Naively, we would solve our problem by doing something like this (I'm using go here):

```
func Naive(vals, perm []int) {
n := len(vals)
res := make([]int, n)
for i := range vals {
res[perm[i]] = vals[i]
}
copy(vals, res)
}
```

This solves the problem in O(n) time, but it uses of course O(n) extra space for the result array. Note also, that it does not really work in place, we have to copy the result back.
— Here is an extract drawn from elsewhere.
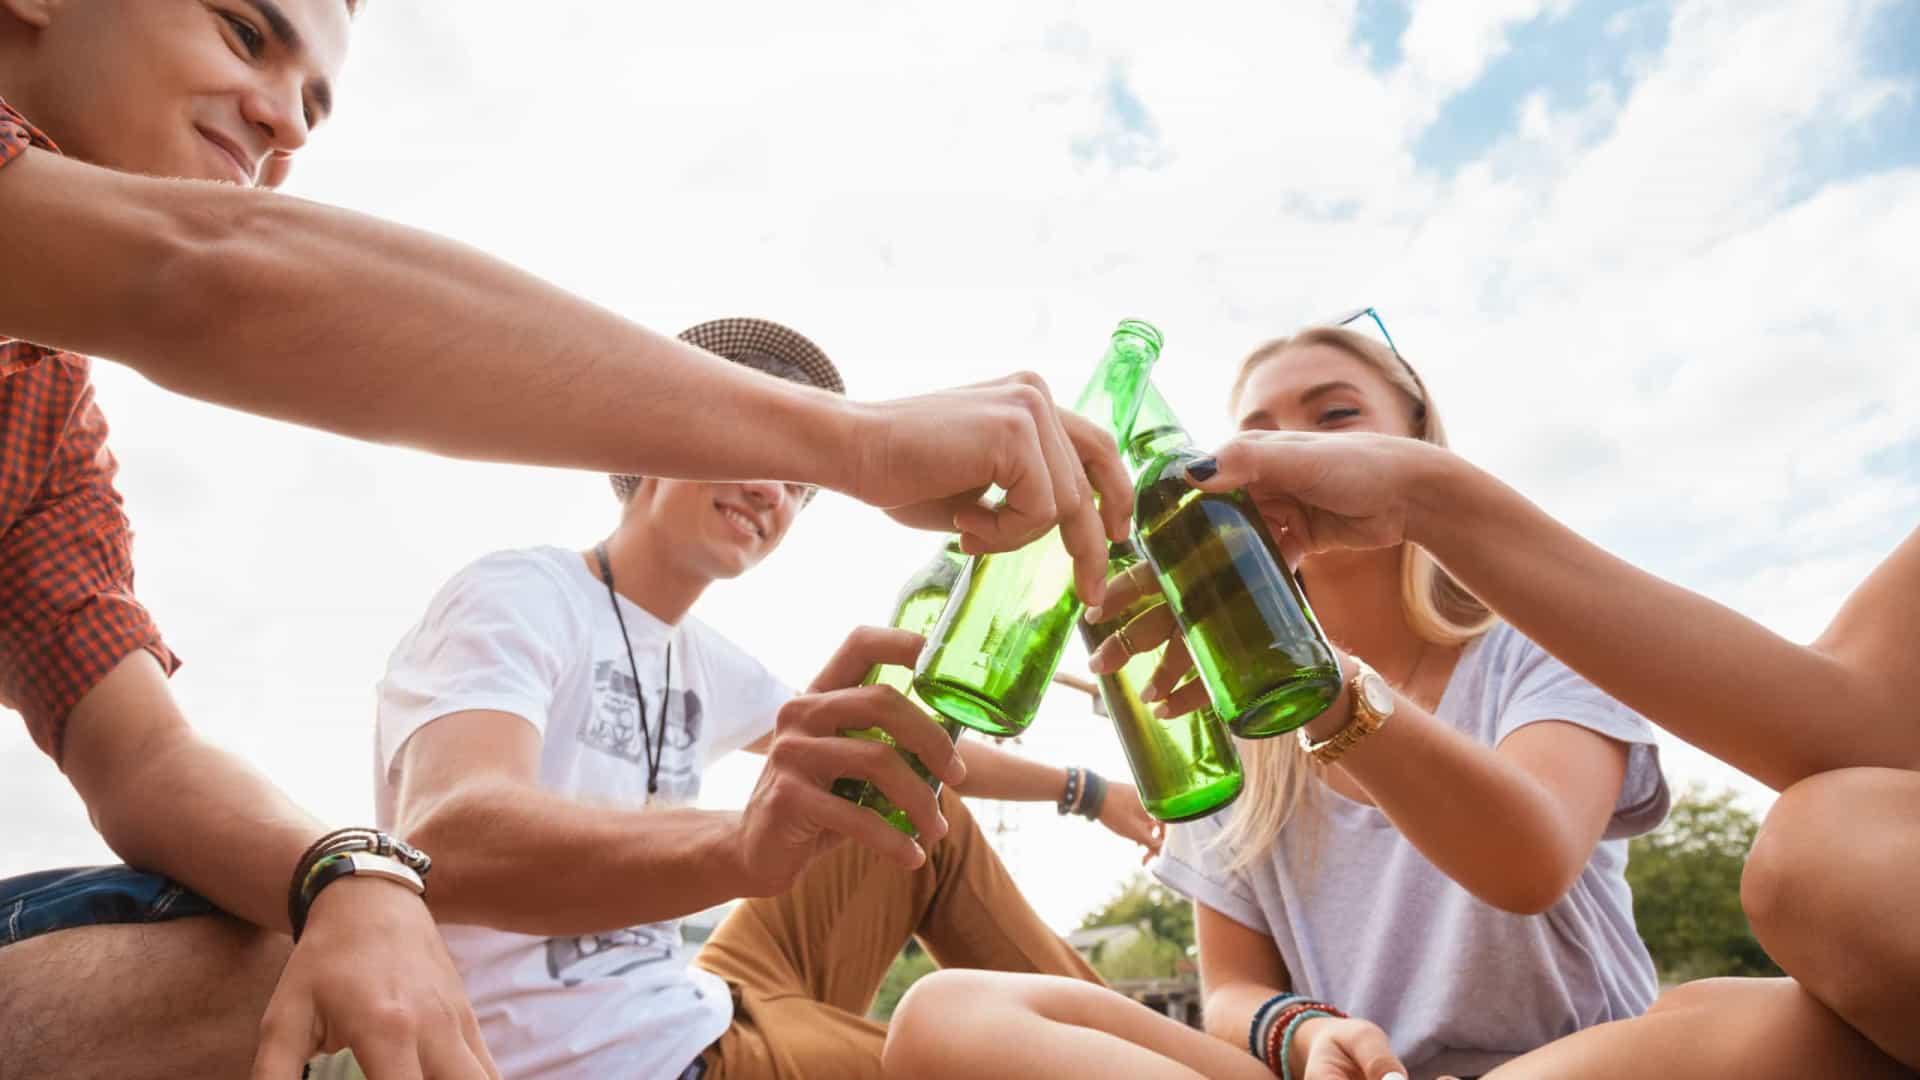 Beber álcool em excesso na adolescência modifica o cérebro 18

The simplest iteration of this, would be to simply use a sorting-algorithm of our choice, but use as a sorting key not the value of the elements, but the position of the corresponding field in the permutation array:

```
import "sort"
type PermSorter struct {
vals []int
perm []int
}
func (p PermSorter) Len() int {
return len(p.vals)
}
func (p PermSorter) Less(i, j int) bool {
return p.perm[i] < p.perm[j]
}
func (p PermSorter) Swap(i, j int) {
p.vals[i], p.vals[j] = p.vals[j], p.vals[i]
p.perm[i], p.perm[j] = p.perm[j], p.perm[i]
}
func Sort(vals, perm []int) {
sort.Sort(PermSorter{vals, perm})
}
```

This appears a promising idea at first, but as it turns out, this doesn't
*really* use constant space after all (at least not generally). The go sort
package uses introsort internally, which is a combination of quick- and
heapsort, the latter being chosen if the recursion-depth of quicksort exceeds a
limit in O(log(n)). Thus it uses actually O(log(n)) auxiliary space. Also, the
running time of sorting is O(n log(n)) and while time complexity wasn't part of
the initially posed problem, it would actually nice to have linear running
time, if possible.

Note also another point: The above implementation sorts perm, thus destroying the permutation array. Also not part of the original problem, this might pose problems if we want to apply the same permutation to multiple arrays. We can rectify that in this case by doing the following:

```
type NDPermSorter struct {
vals []int
perm []int
}
func (p NDPermSorter) Len() int {
return len(p.vals)
}
func (p NDPermSorter) Less(i, j int) bool {
return p.perm[p.vals[i]] < p.perm[p.vals[j]]
}
func (p NDPermSorter) Swap(i, j int) {
p.vals[i], p.vals[j] = p.vals[j], p.vals[i]
}
func NDSort(vals, perm []int) {
sort.Sort(NDPermSorter{vals, perm})
}
```

But note, that this only works, because we want to sort an array of consecutive integers. In general, we don't want to do that. And I am unaware of a solution that doesn't have this problem (though I also didn't think about it a lot).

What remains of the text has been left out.